| AVAILABLE DATA |

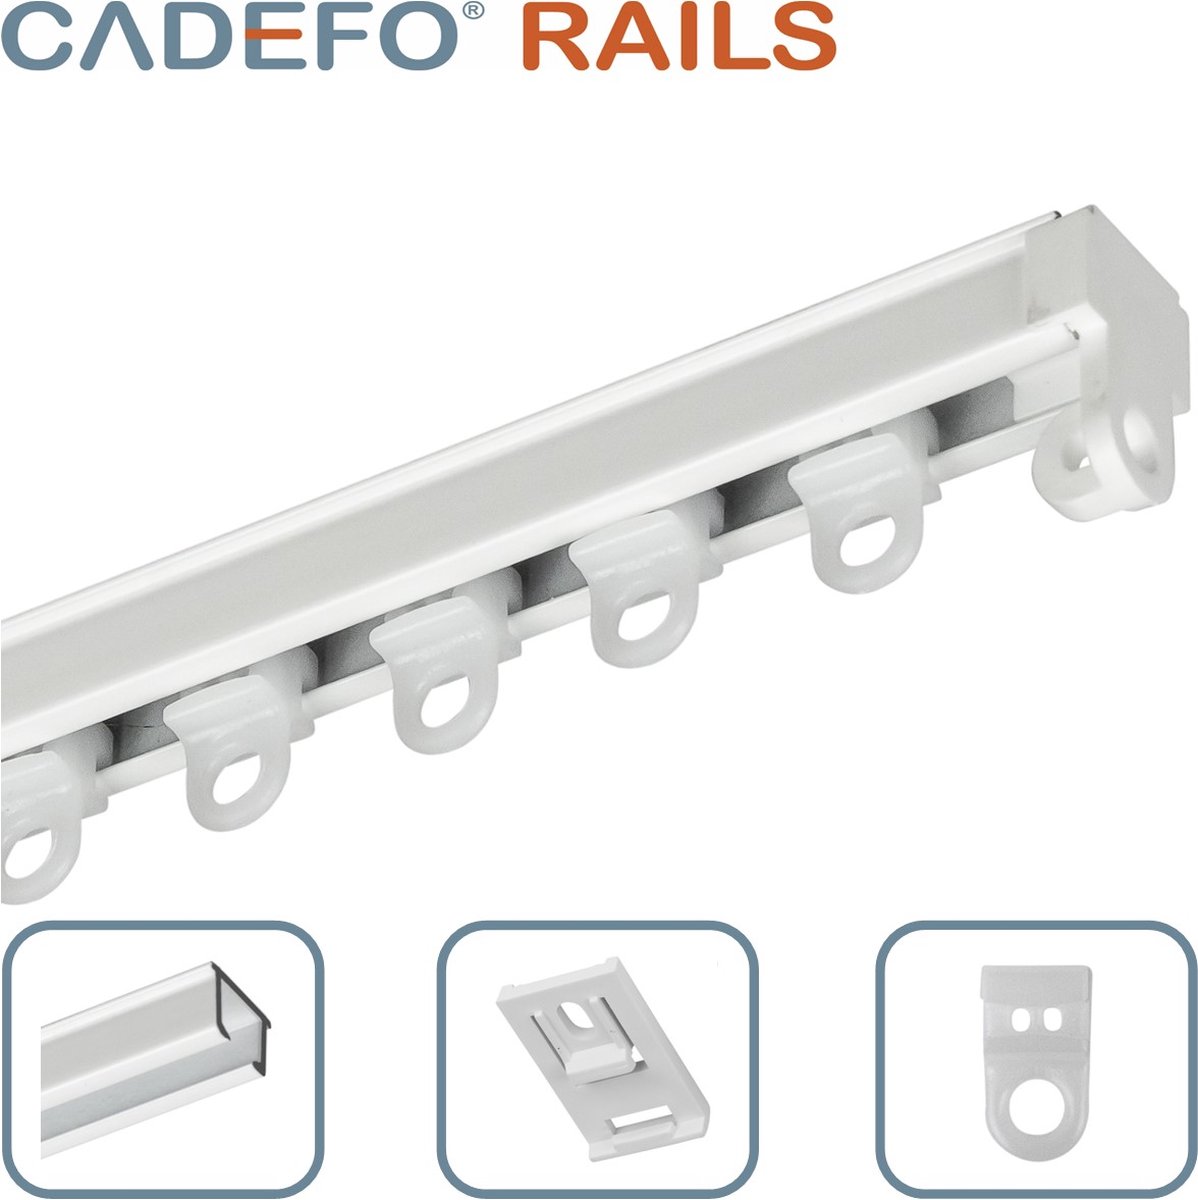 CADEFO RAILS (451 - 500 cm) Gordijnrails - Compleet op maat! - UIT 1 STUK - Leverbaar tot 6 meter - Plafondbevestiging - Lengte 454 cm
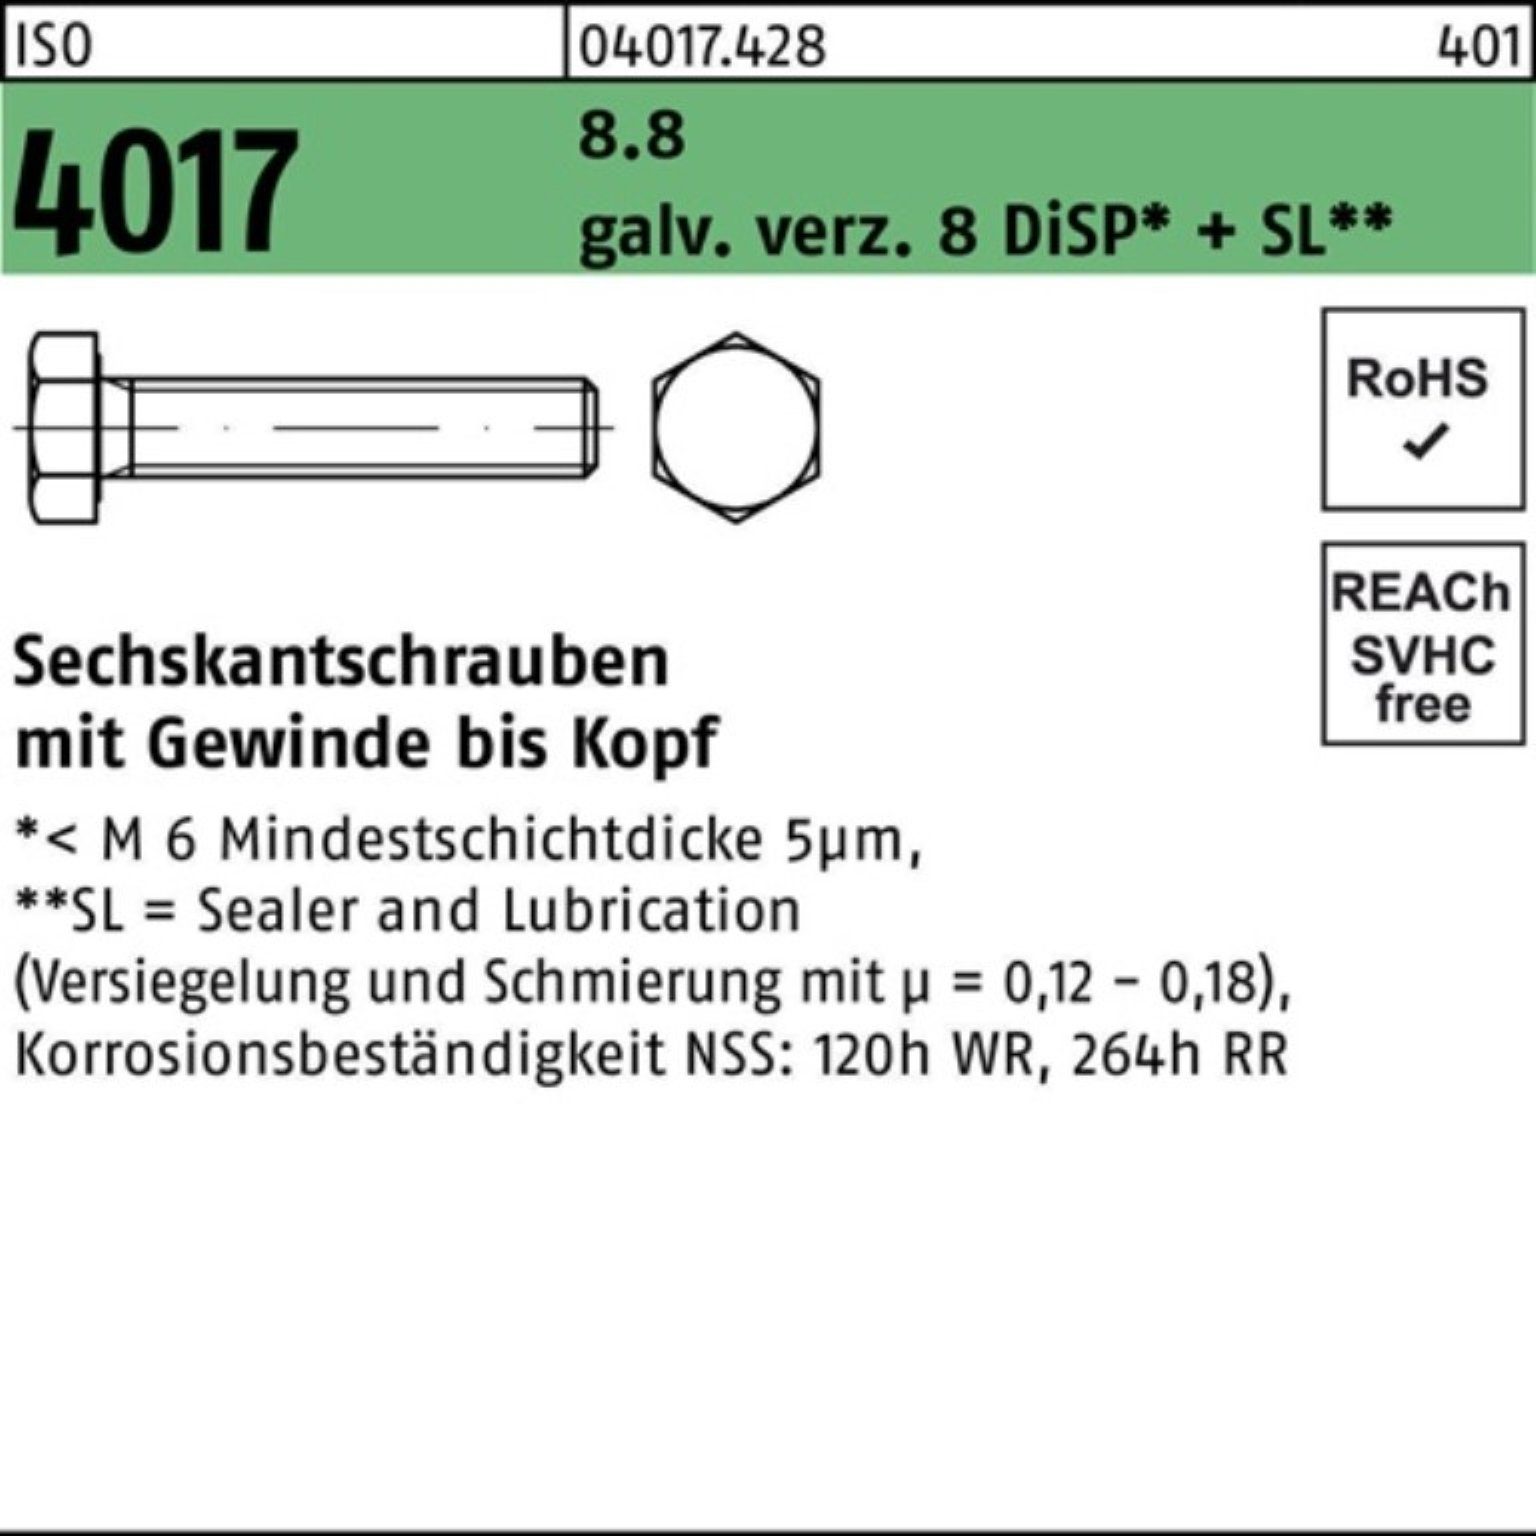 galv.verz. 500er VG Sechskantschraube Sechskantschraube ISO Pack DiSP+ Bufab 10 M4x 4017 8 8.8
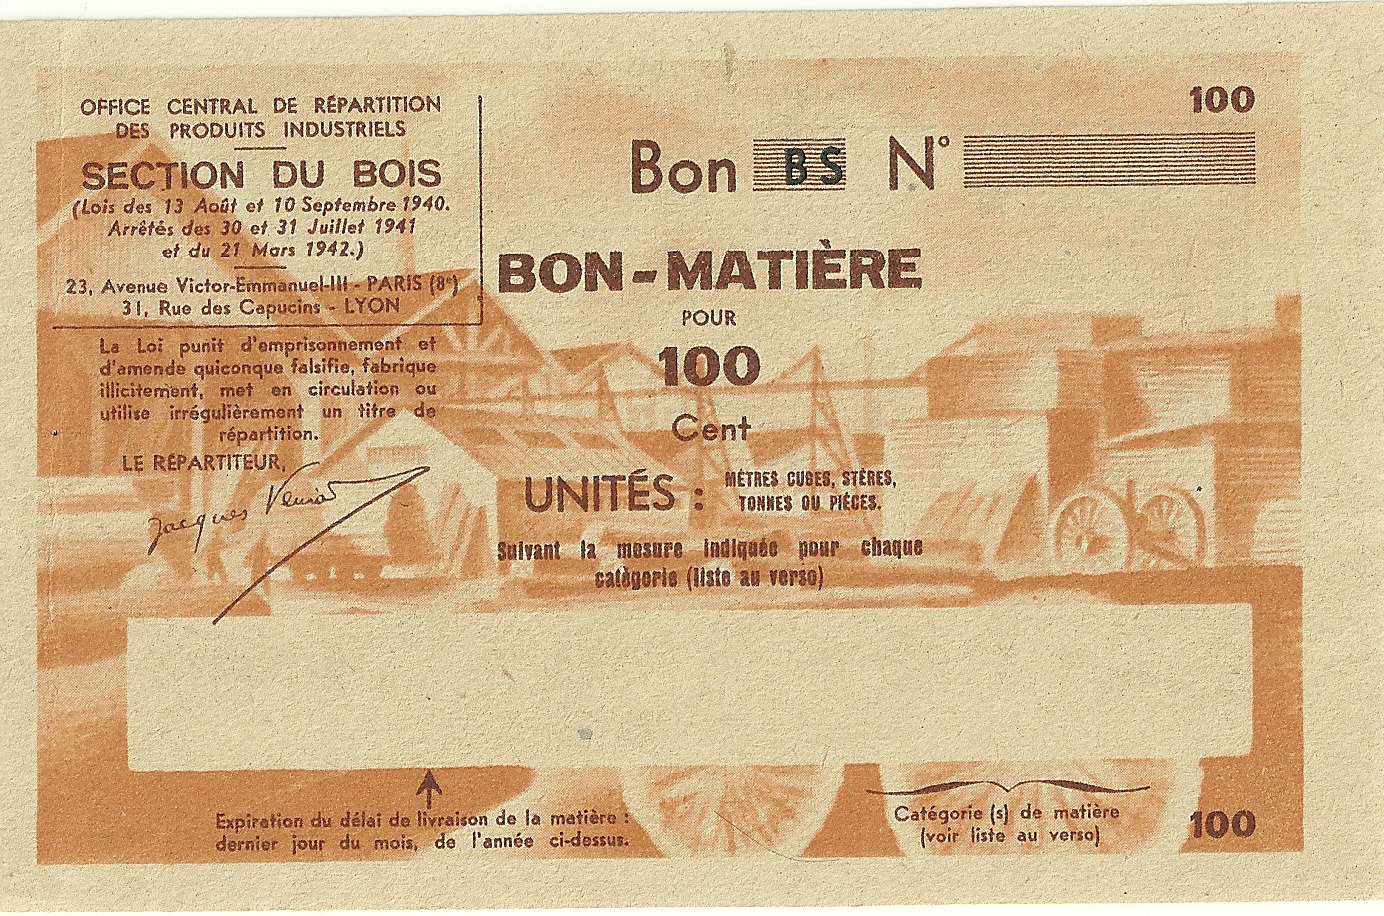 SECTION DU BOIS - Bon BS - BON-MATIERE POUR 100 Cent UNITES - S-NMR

| ABOUT THIS TASK |
All of the listing above must be output exactly, except for its pictures.

| TASK RESULT |
 CADEFO RAILS (451 - 500 cm) Gordijnrails - Compleet op maat! - UIT 1 STUK - Leverbaar tot 6 meter - Plafondbevestiging - Lengte 454 cm
 galv.verz. 500er VG Sechskantschraube Sechskantschraube ISO Pack DiSP+ Bufab 10 M4x 4017 8 8.8
 SECTION DU BOIS - Bon BS - BON-MATIERE POUR 100 Cent UNITES - S-NMR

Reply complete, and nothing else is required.